On the baby no here yet front: I've been having contractions on and off for about four days. These are a step above Braxton-Hicks belly tightening ones and do inflict some measure of pain but nothing I would call home about. I can still walk and talk through them easy enough and that basically means - no bones.
Oh and on a final note, I am now getting labor induction advice from complete strangers. Apparently acupuncture is the way to go. Or acupressure. And sex. And walking. And on and on and on...I've come to realize that being pregnant is sort of like being a teenager. When you're a teenager, you swear you'll never turn out like your parents and then years later you find you're exact replicas of them. When you're pregnant, you'll swear you'll never be one of those parents that doles out unsolicited advice to pregnant women. I guarantee that years down the line, I'll catch myself inflicting all sorts of "advice" on poor pregnant women.
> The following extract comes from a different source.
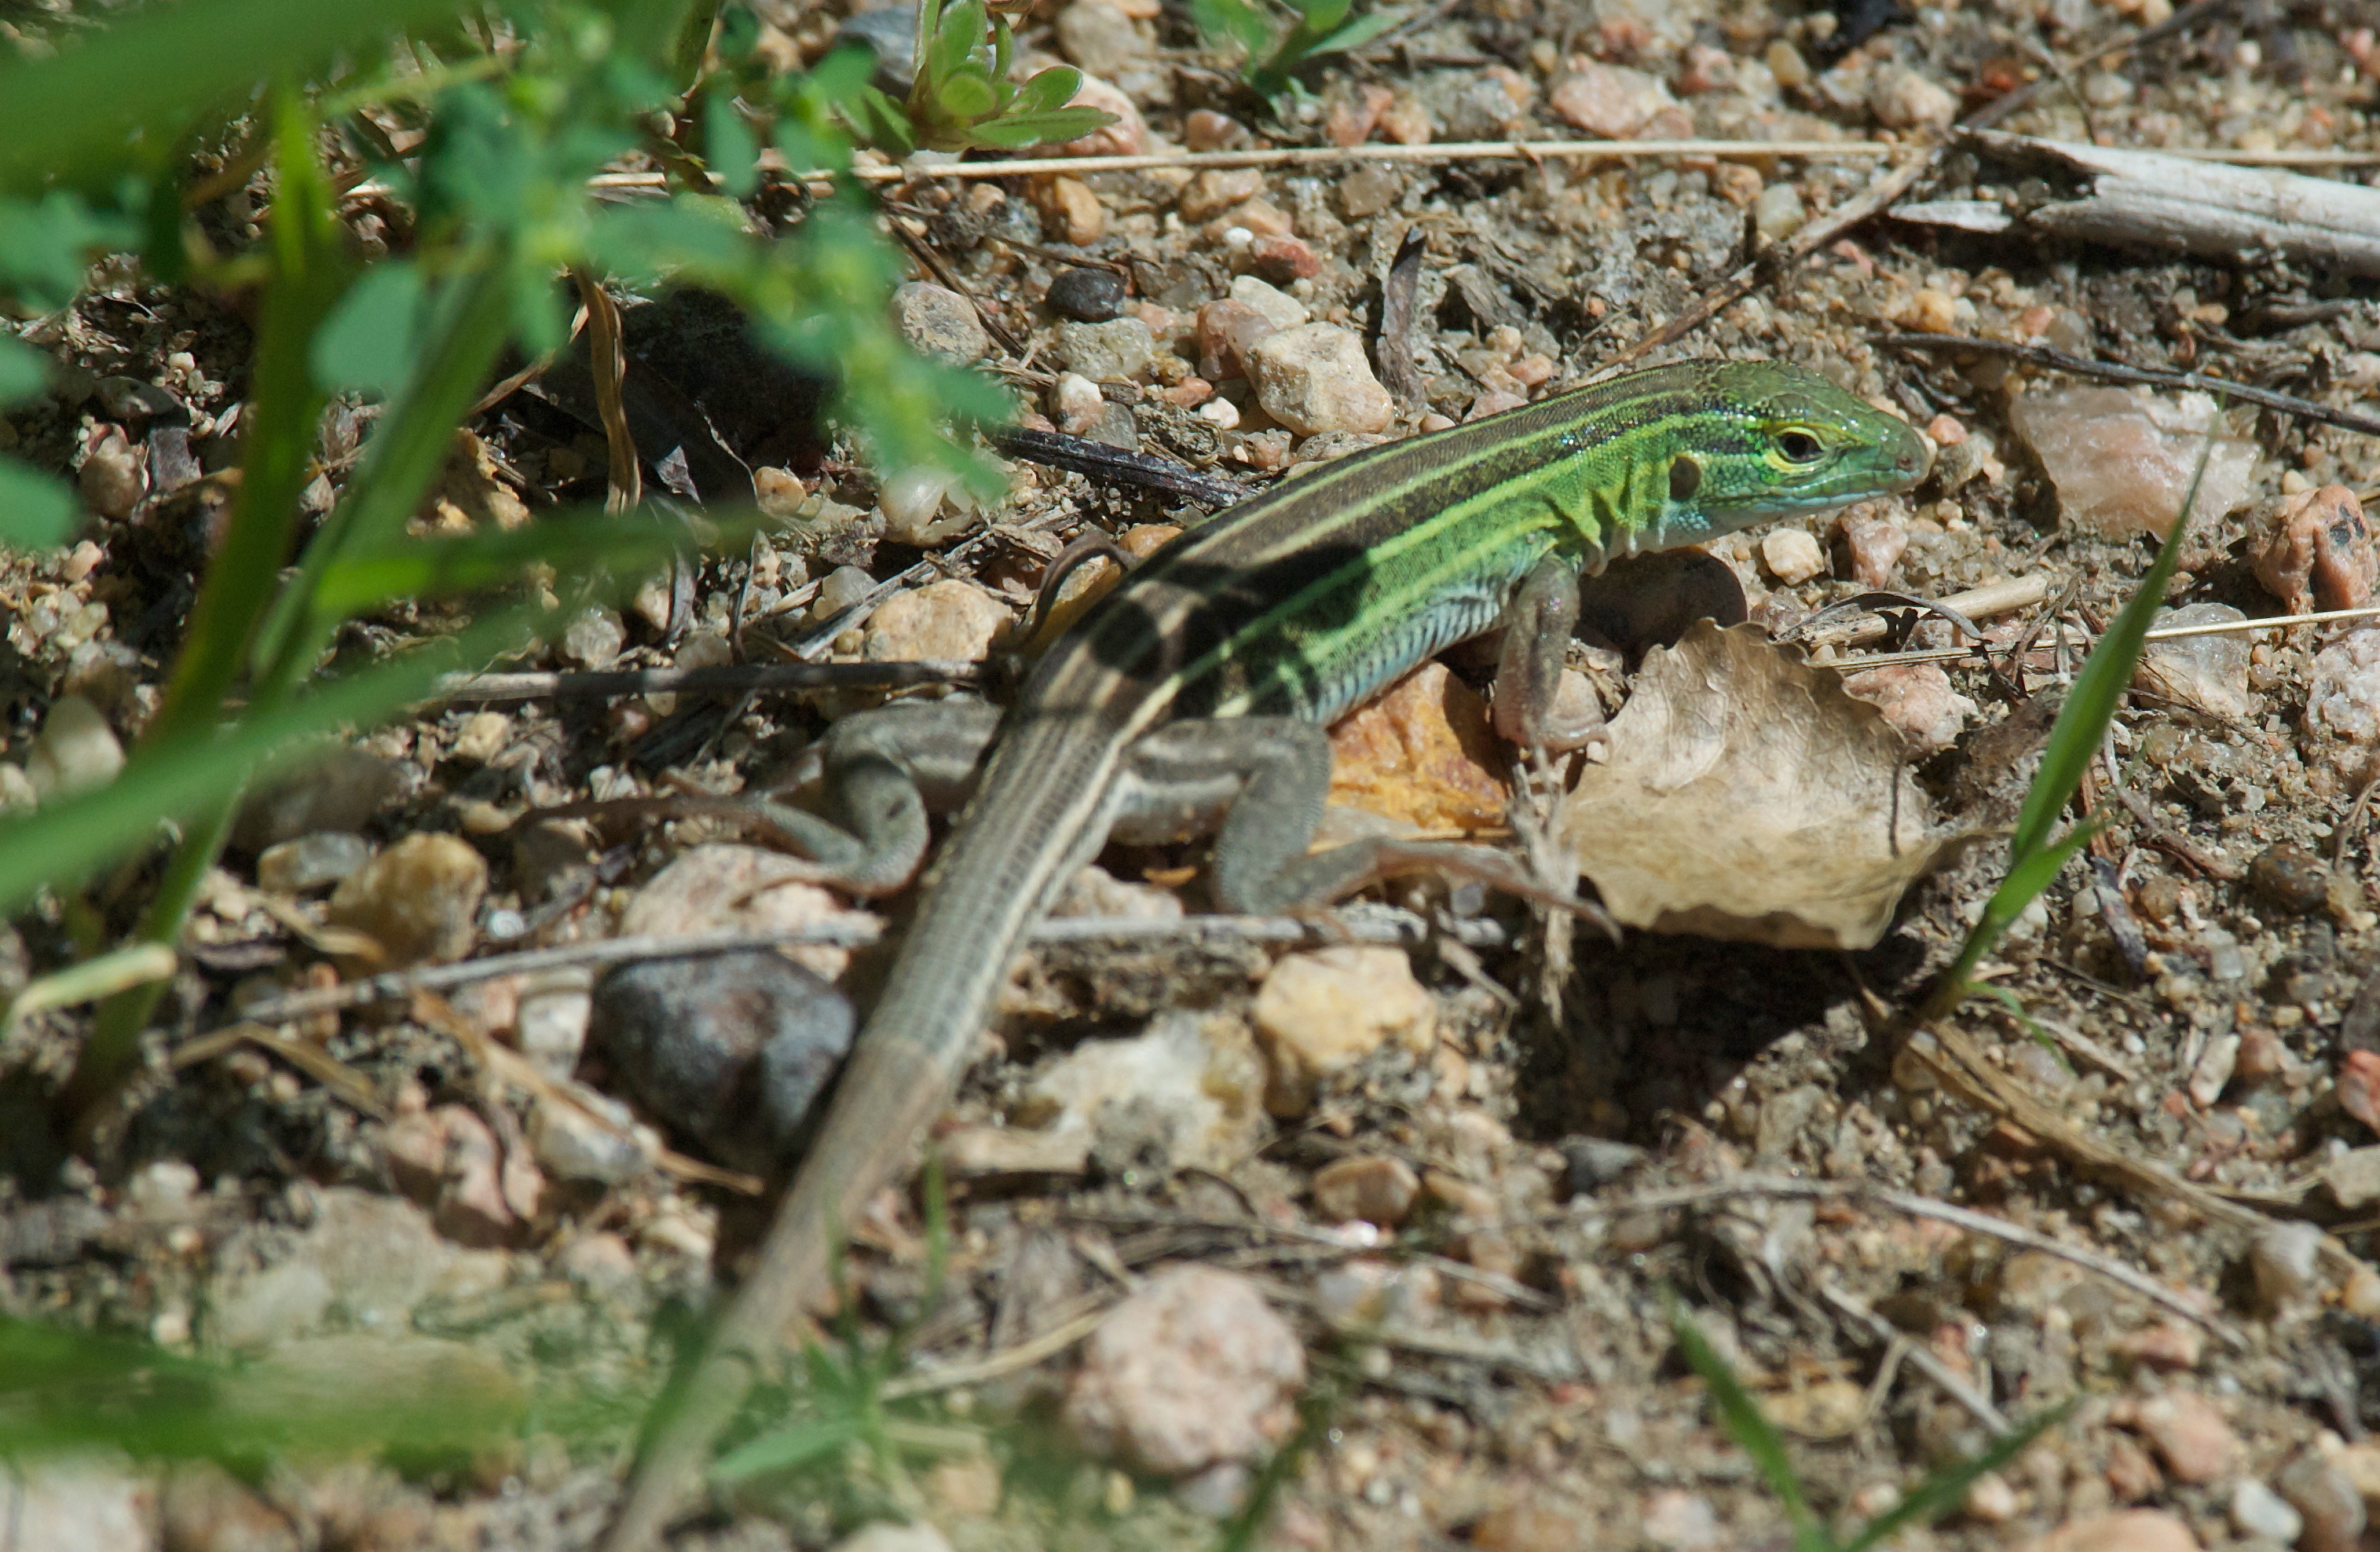 Six-Lined Racerunner Lizard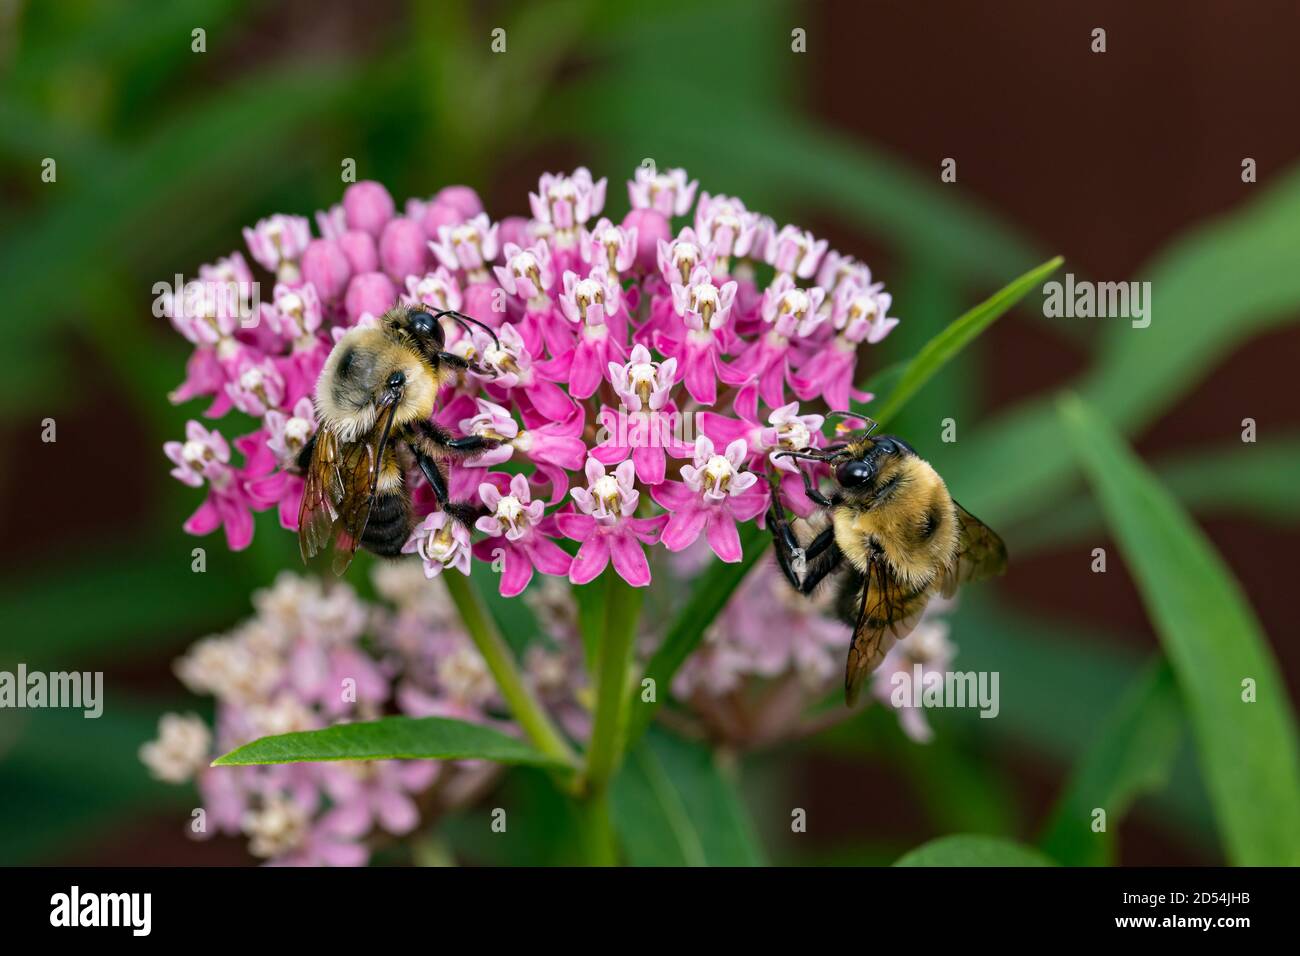 Nahaufnahme von zwei gemeinsamen östlichen Bumble Bees auf Sumpfmilchkraut Wildblume. Konzept von Insekten, Naturschutz, Lebensraumbewahrung, Blumengarten Stockfoto

Smile and nod. Smile and nod. Note: for those who I know that have provided me with unmeasurable help, advice, and support, this does not apply to you... I am talking about the random waitress, barista, or lady with shopping cart on the street corner who assures me that their fourth child came out early because of some induction voodoo magic.
At this point though, I've heavily researched the topic. The one thing that seems to hold true in ALL cases of labor induction: The baby ain't coming out until it's ready. Simple as that. So no matter how much I circle the neighborhood, hop on one foot, eat spicy food, etc. This baby is not making an appearance until he is damn well ready no matter how damn well ready I feel!